# Basis for the column space of a matrix: Consider the matrix A = [[-2,-2,0,-8,-5,-6,27],[-9,-9,-2,-28,-9,4,-22],[4,4,-9,52,2,2,-9],[-2,-2,4,-24,-5,-4,11],[-4,-4,-1,-12,-9,0,-14]] and assume that its...

Basis for the column space of a matrix:

Consider the matrix

A = [[-2,-2,0,-8,-5,-6,27],[-9,-9,-2,-28,-9,4,-22],[4,4,-9,52,2,2,-9],[-2,-2,4,-24,-5,-4,11],[-4,-4,-1,-12,-9,0,-14]]

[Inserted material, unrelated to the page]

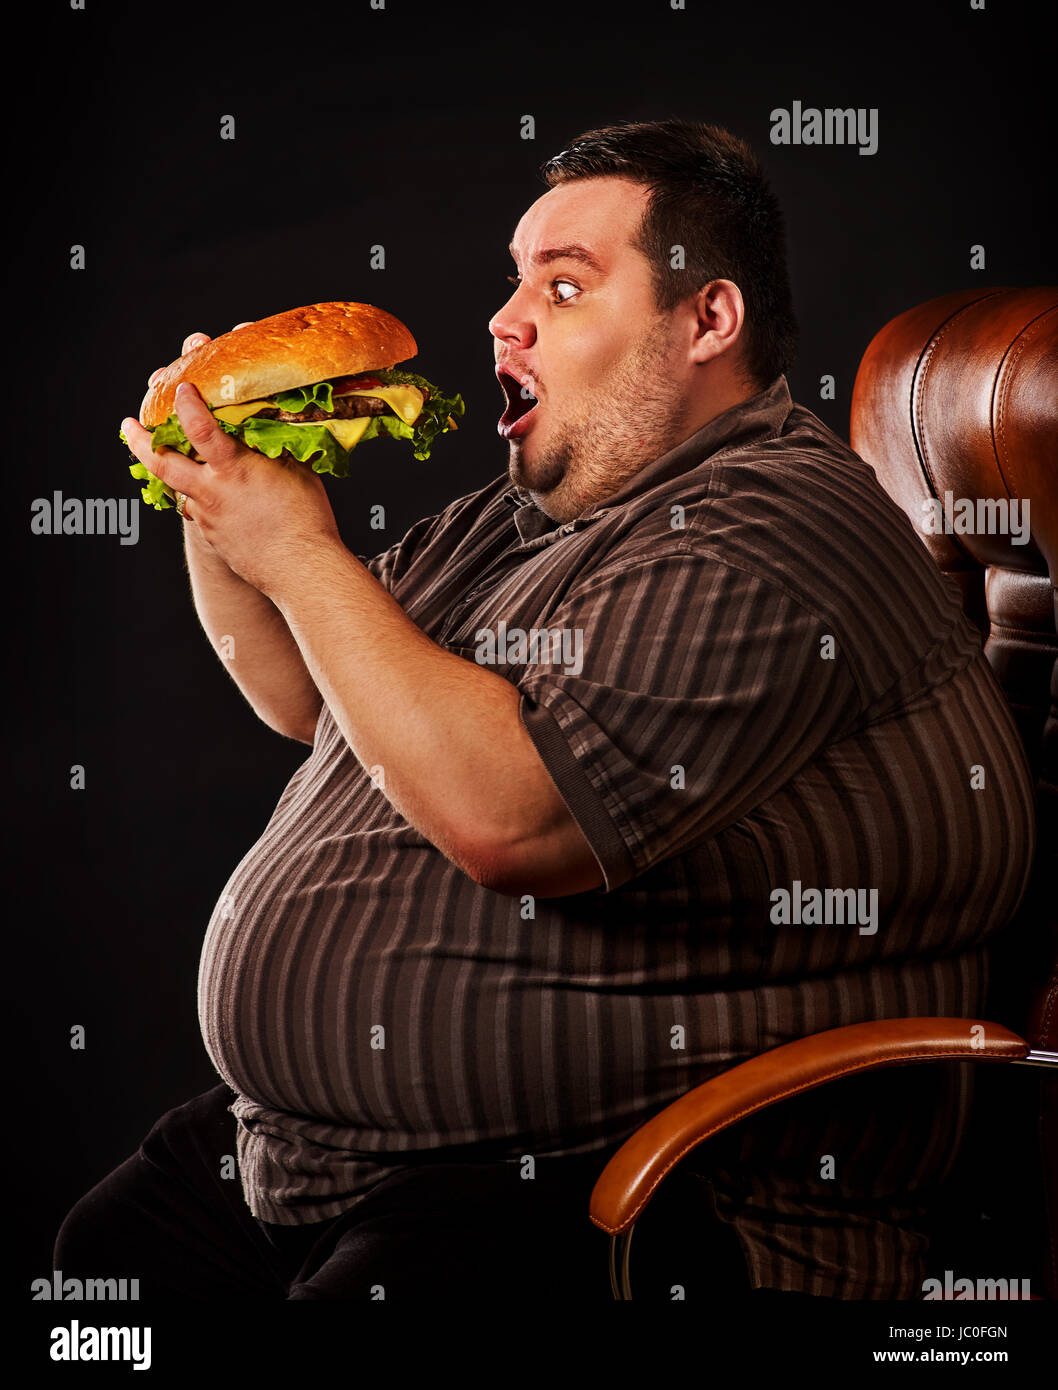 Diet failure of fat man eating fast food hamberger. Happy overweight person  spoiled healthy food by greedily eating huge hamburger. Junk meal leads to  Stock Photo - Alamy

and assume that its reduction is

B = [[1,1,0,4,0,0,-3],[0,0,1,-4,0,0,-1],[0,0,0,0,1,0,3],[0,0,0,0,0,1,-6],[0,0,0,0,0,0,0]]

We know that the vectors

[[-2],[-9],[4],[-2],[-4]] , [[0],[-2],[-9],[4],[-1]] , [[-5],[-9],[2],[-5],[-9]] , [[-6],[4],[2],[-4],[0]]

form a basis for the column space of A. Write each of the following columns of A in terms of this basis.

a) [[-2],[-9],[4],[-2],[-4]]

b) [[-8],[-28,],[52],[-24],[-12]]

c) [[27],[-22],[-9],[11],[-14]]

*print*Print*list*Cite

### 1 Answer

Let the rows of `A` be `c_1,c_2,c_3,c_4,c_5,c_6,c_7`.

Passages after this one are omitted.